В материалах, которые мы исследовали, содержится немало доказательств того, что задачу «втирания в доверие» к Сталину Берия считал одной из основных. Начал ее выполнение он, можно сказать, на дальних подступах. Перебравшись в 1923 году из Баку в Тбилиси (сначала на должность начальника секретно-оперативного отдела ЧК Грузии, затем заместителя председателя и председателя ГПУ республики), он стал проявлять особую заботу о матери Сталина. Сперва это были просто знаки повышенного внимания, позже учреждение привилегий и почти что царских почестей. Мать Иосифа Виссарионовича определили на жительство в апартаменты по проспекту Руставели, где помещался совнарком; каждый ее выход в город превращался в шумное триумфальное шествие.

Одновременно с этим Берия сконцентрировал свои недюжинные энергию и изворотливость на организации дома-музея И. В. Сталина в Гори, всячески пропагандируя это «общенациональное дело» и раздувая костер славословия так, чтоб искры от него заметили в Москве. Но наибольшего успеха он достиг, издав под своим именем чужой труд «К вопросу об истории большевистских организаций в Закавказье», непомерно преувеличивая заслуги Сталина в революционной борьбе. «Как известно, — откровенничал его подручный Шария, — Берия стал политической фигурой большого масштаба благодаря известной книге „К вопросу о развитии большевистских организаций в Закавказье“, хотя не принимал участия в составлении этой работы… между тем люди, непосредственно составлявшие работу, должны были оставаться неизвестными. Более того, часть из них была репрессирована в 1937 году…»
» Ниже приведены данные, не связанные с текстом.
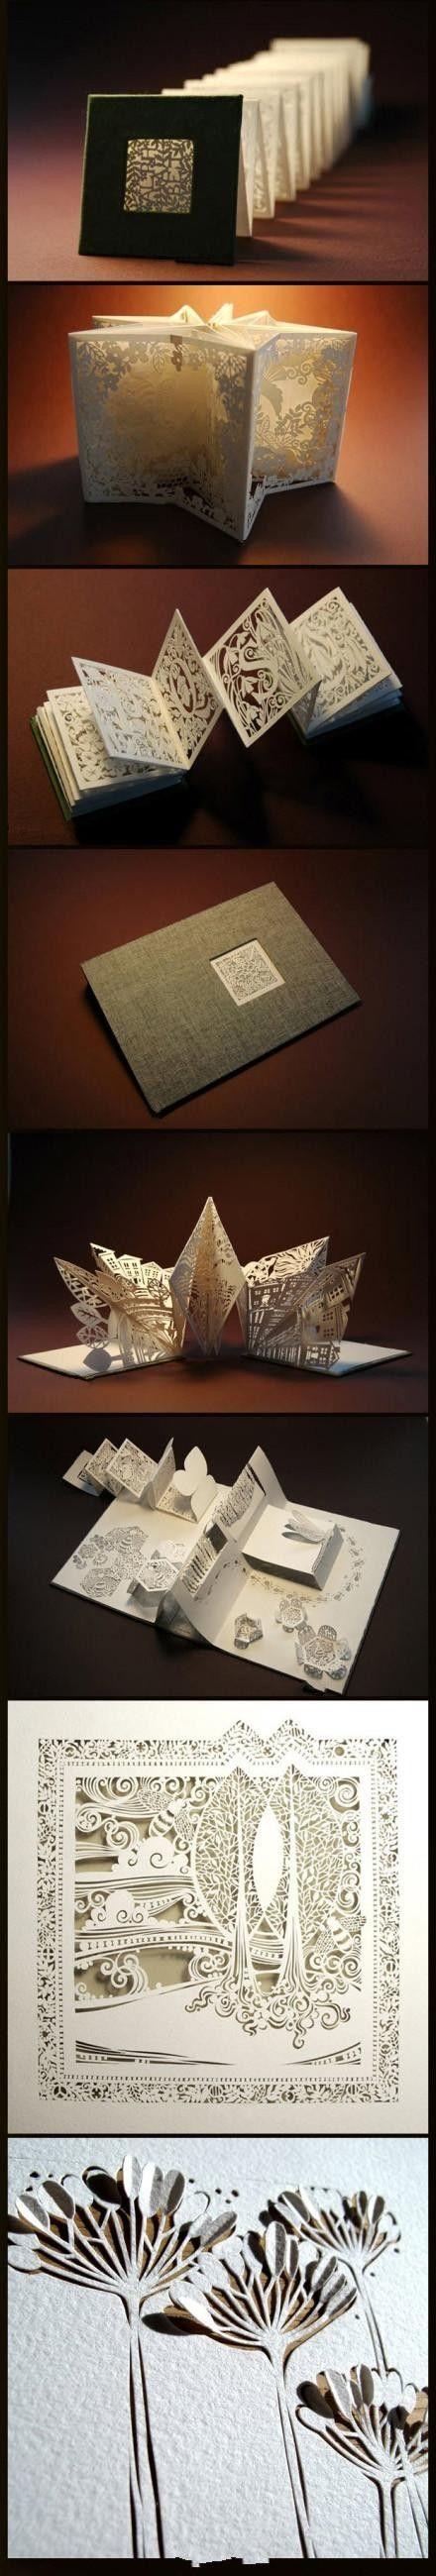 8 delicate paper carvings

О том, что книга сыграла значительную роль в дальнейшей карьере Берии и обратила на себя внимание того, кому в основном адресовалась, свидетельствуют не только показания очевидцев, но и общественный резонанс в стране, конечно же, организованный сталинским пропагандистским аппаратом. Ее массово изучали и обсуждали, по ней проходили читательские конференции в трудовых коллективах и воинских частях. И с годами ажиотаж вокруг нее не утих. Так, издательство «Московский рабочий» в декабре 1947 года выпустило листовку, приуроченную к выборам в местные Советы. В ней отмечалось: «…товарищ Берия — один из виднейших руководителей большевистской партии, ближайших учеников и соратников товарища Сталина… Книга Л. П. Берии „К вопросу об истории большевистских организаций в Закавказье“ является большим вкладом в научную историю партии большевиков».

О том, что Берия, торя дорогу к сердцу Сталина, возлагал большие надежды и делал ставку на указанную книгу, убедительно доказывает его расправа над действительным автором труда Ермолаем (Эриком) Алексеевичем Бедней. Чтобы эту расправу выдать за законную казнь, в срочном порядке была «организована» контрреволюционная группа, в которую «водворили» Бедию. В материалах подшит протокол осмотра архивно-следственного дела № 25 899 (НКВД Грузии № 12 545) по обвинению Владимира Владимировича Мирцхулавы, в котором имеется копия протокола допроса Е. А. Бедии.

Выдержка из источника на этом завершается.